Overview

Teen Pregnancy and Childbearing

Parenting at any age can be challenging, but it can be particularly difficult for adolescent parents. In 2010, almost 370,000 babies were born to teen girls between the ages of 15 and 19.[1] Childbearing during adolescence negatively affects the parents, their children, and society. Compared with their peers who delay childbearing, teen girls who have babies are:

  • Less likely to finish high school;
  • More likely to rely on public assistance
  • More likely to be poor as adults; and
  • More likely to have children who have poorer educational, behavioral, and health outcomes over the course of their lives than do kids born to older parents.[2]

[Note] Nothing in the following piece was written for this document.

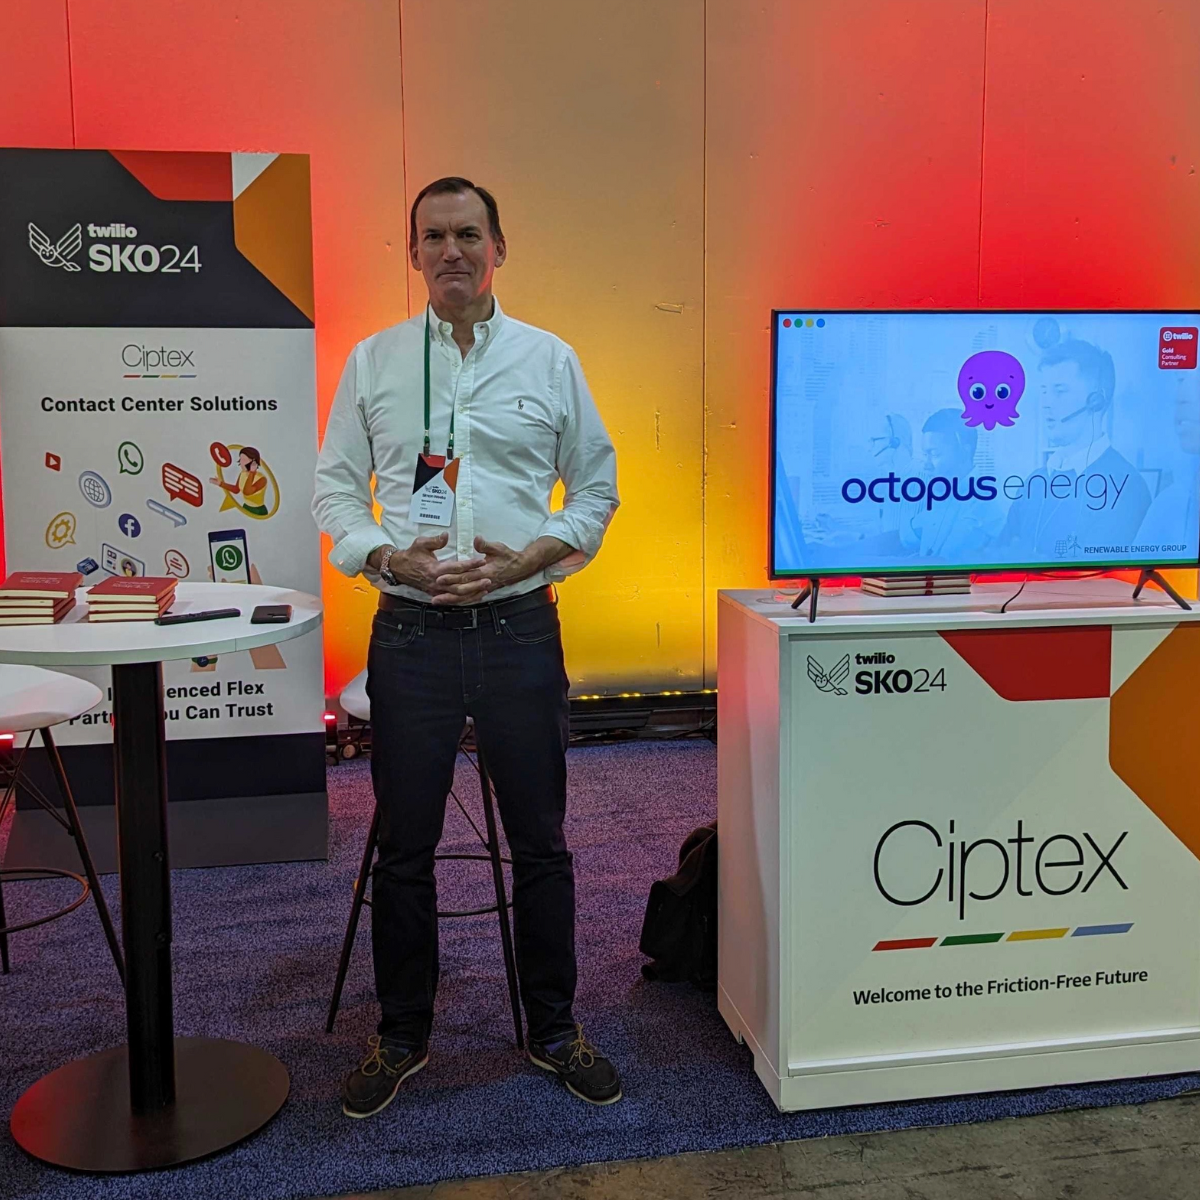 Twilio Sales Kick-Off 2024. Twilio SKO2024 Ciptex stand with Ciptex's CEO stood infront of the Ciptex stand.

Teen childbearing costs U.S. taxpayers billions of dollars due to lost tax revenue, increased public assistance payments, and greater expenditures for public health care, foster care, and criminal justice services.[2]

The good news is that teen birth rates in the United States have declined almost continuously since the early 1990s — including a steep drop of nine percent from 2009 to 2010 — and are currently at historic lows.[3,4] Between 1991 and 2010, the teen birth rate decreased 44 percent in the United States (from 61.8 to 34.3 per 1,000 teens).[3,4] Despite this decline, the U.S. teen birth rate is still higher than that of many other developed countries, including Canada and the United Kingdom.[5]

Recent studies have explored strategies to reduce teen childbearing and its associated negative outcomes for parents, children, and society. For example, results from economic analyses suggest that implementing evidence-based teen pregnancy prevention programs, expanding access to Medicaid family planning services, and utilizing mass media campaigns to promote safe sex may reduce teen pregnancy and save taxpayer dollars.[6] Additionally, the Pregnancy Assistance Fund initiative of the Office of Adolescent Health (OAH) was set up to help pregnant and parenting teens receive the education, health care, parenting skills, and additional supports that they need. This help, in turn, may improve the likelihood of success in adulthood for these young parents, and reduce the probability that they will have or father other children as teens and that their children will grow up to become teen parents.